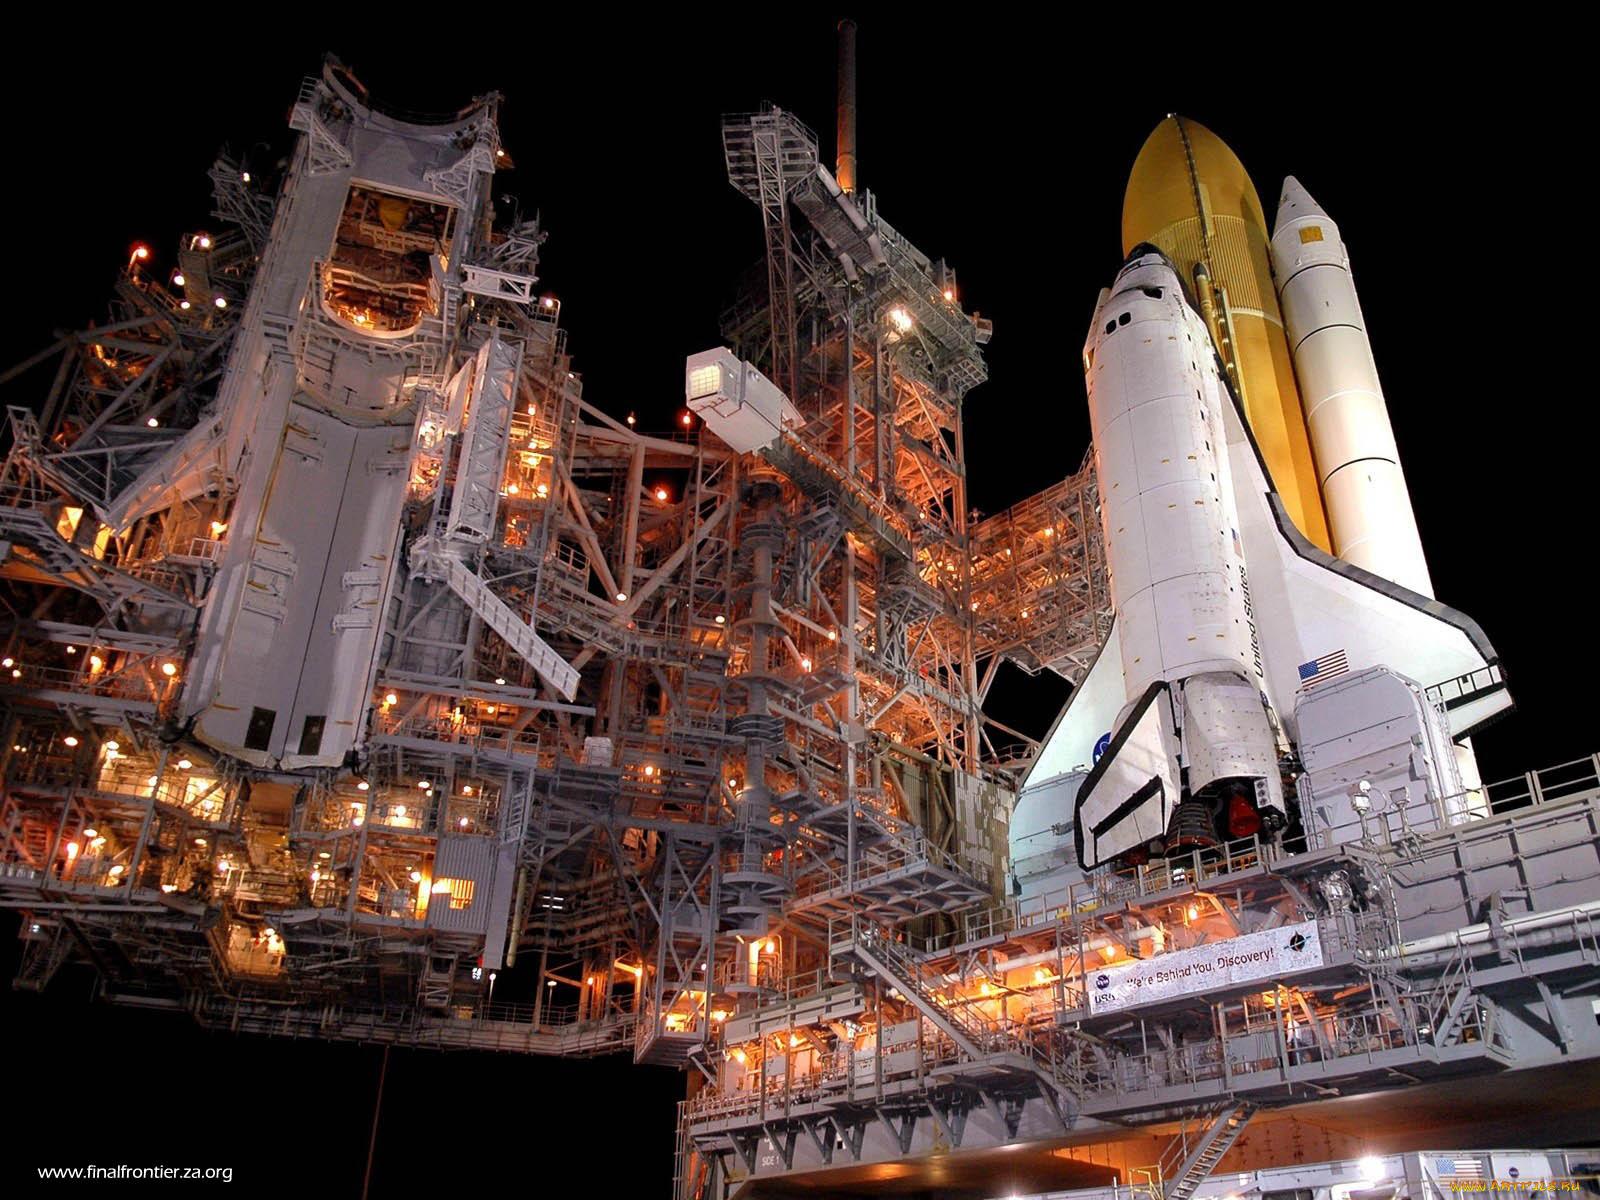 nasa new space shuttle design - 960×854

□ □ □ □ □

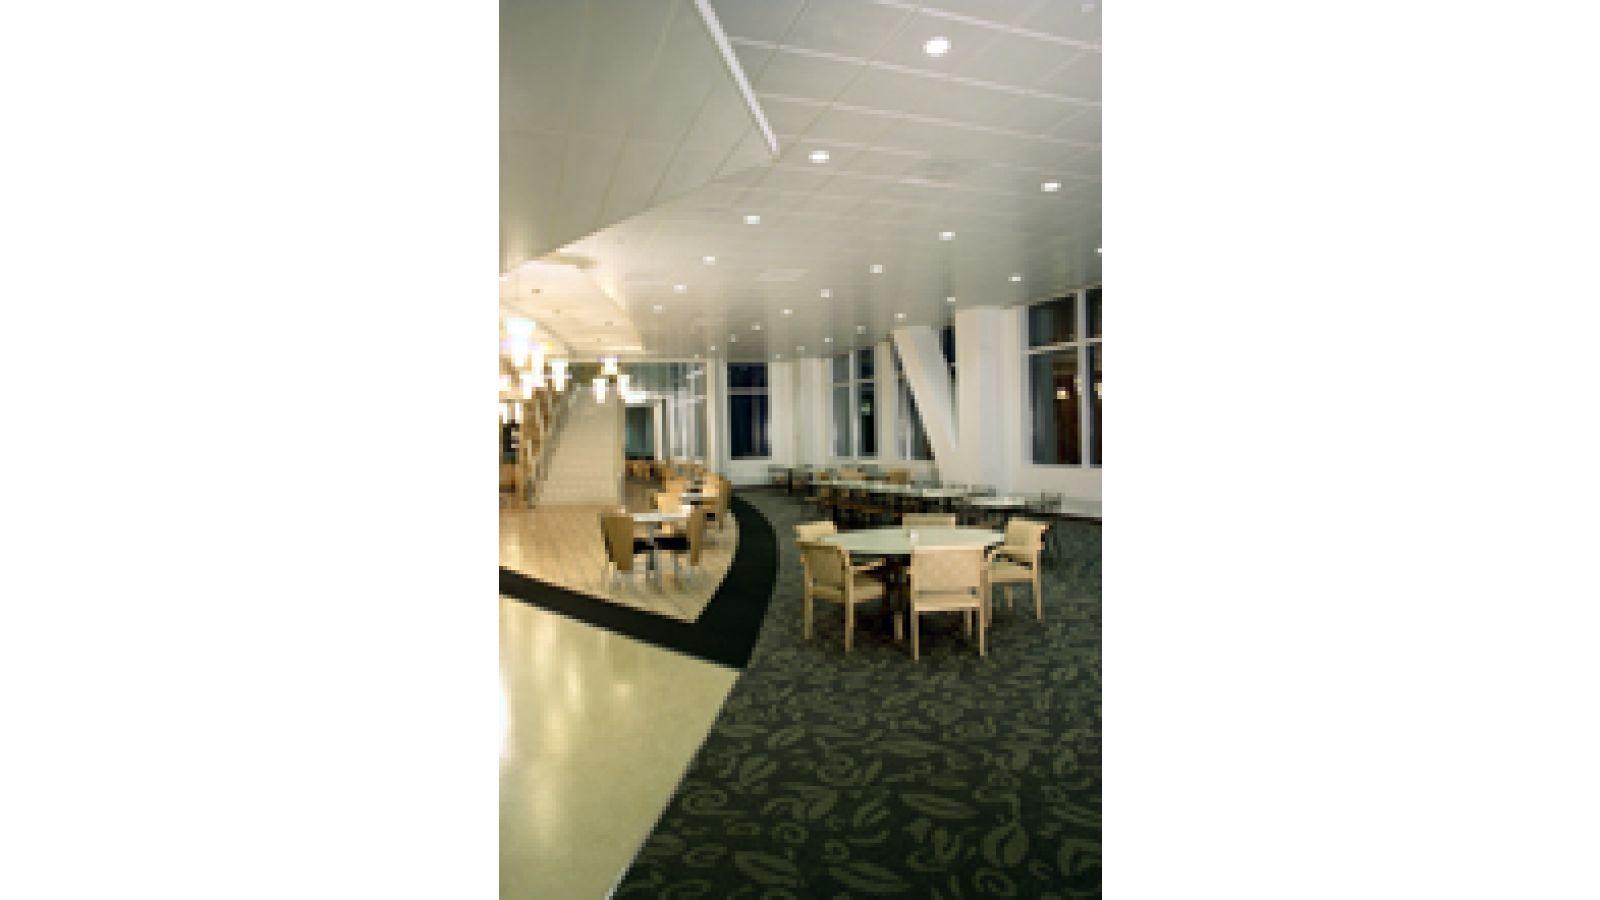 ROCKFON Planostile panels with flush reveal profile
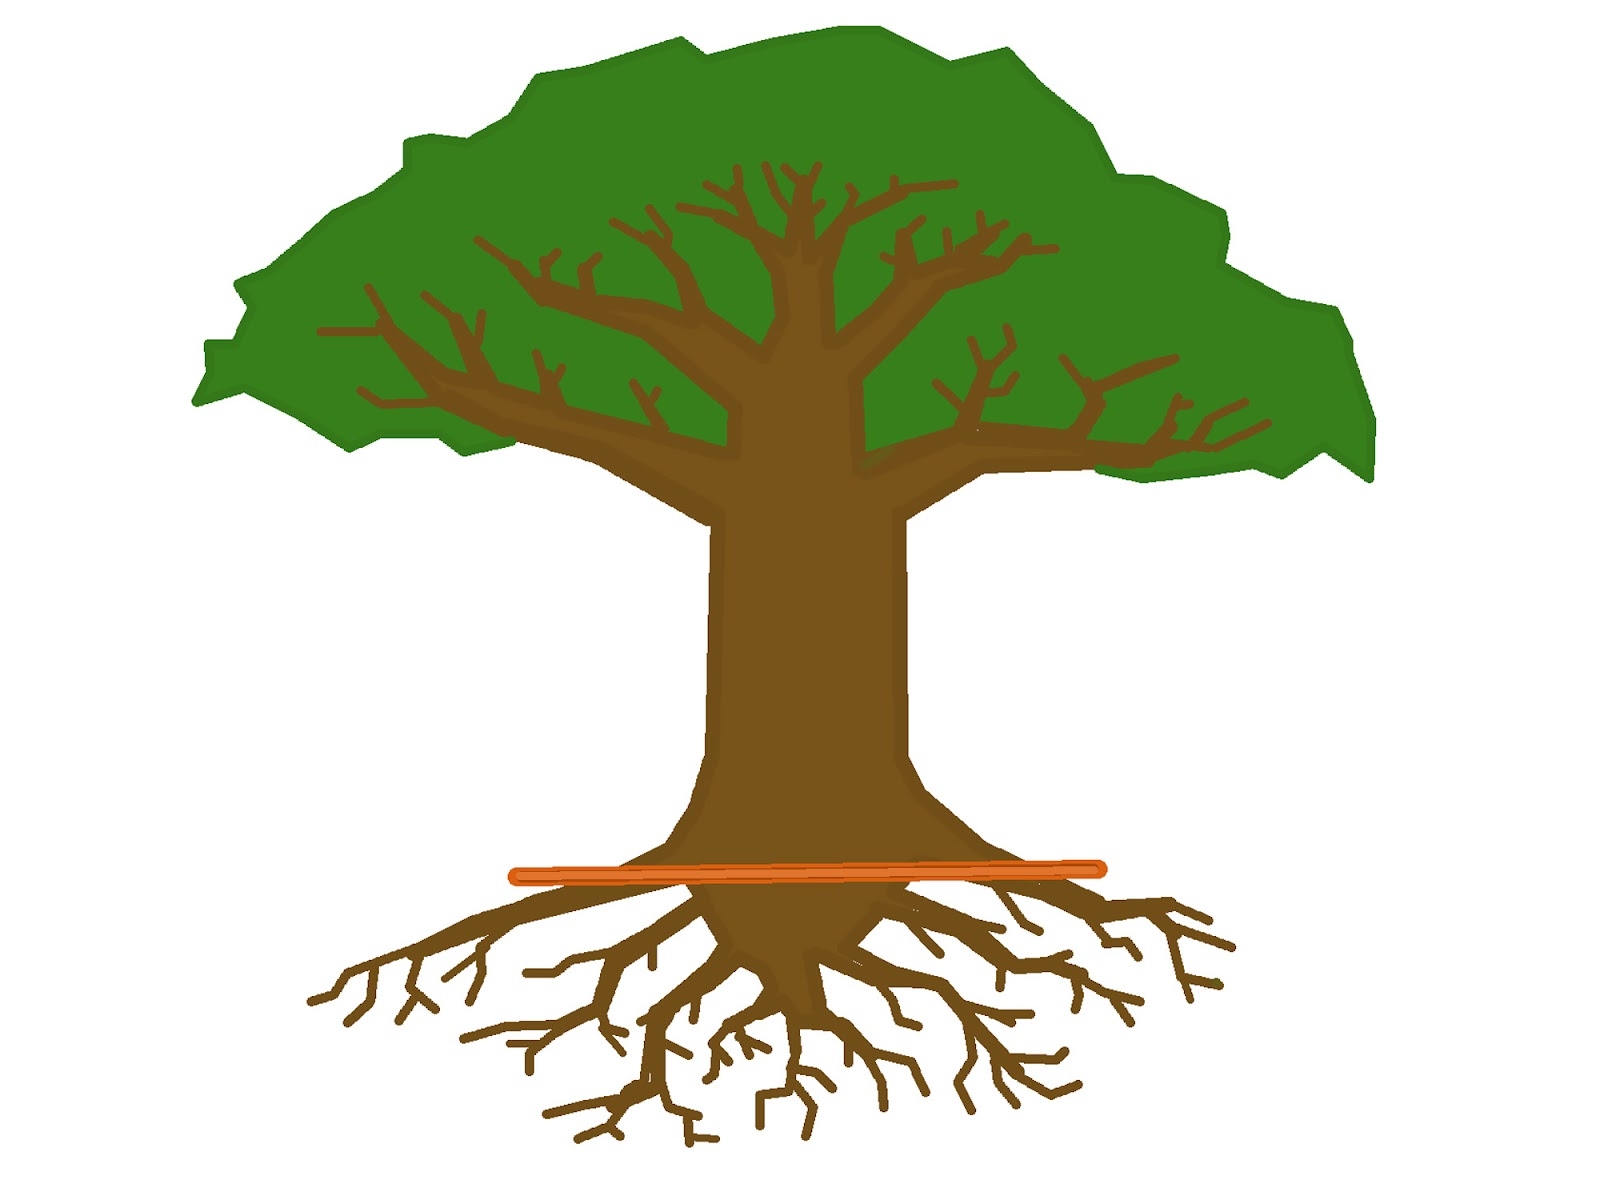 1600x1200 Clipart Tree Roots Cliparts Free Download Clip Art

□ □ □ □ □

Using the entries above, repeat exactly the lines from the one with "ROCKFON Planostile panels" to the one with "1600x1200 Clipart Tree", both included, and leave the pictures behind.

 ROCKFON Planostile panels with flush reveal profile
 1600x1200 Clipart Tree Roots Cliparts Free Download Clip Art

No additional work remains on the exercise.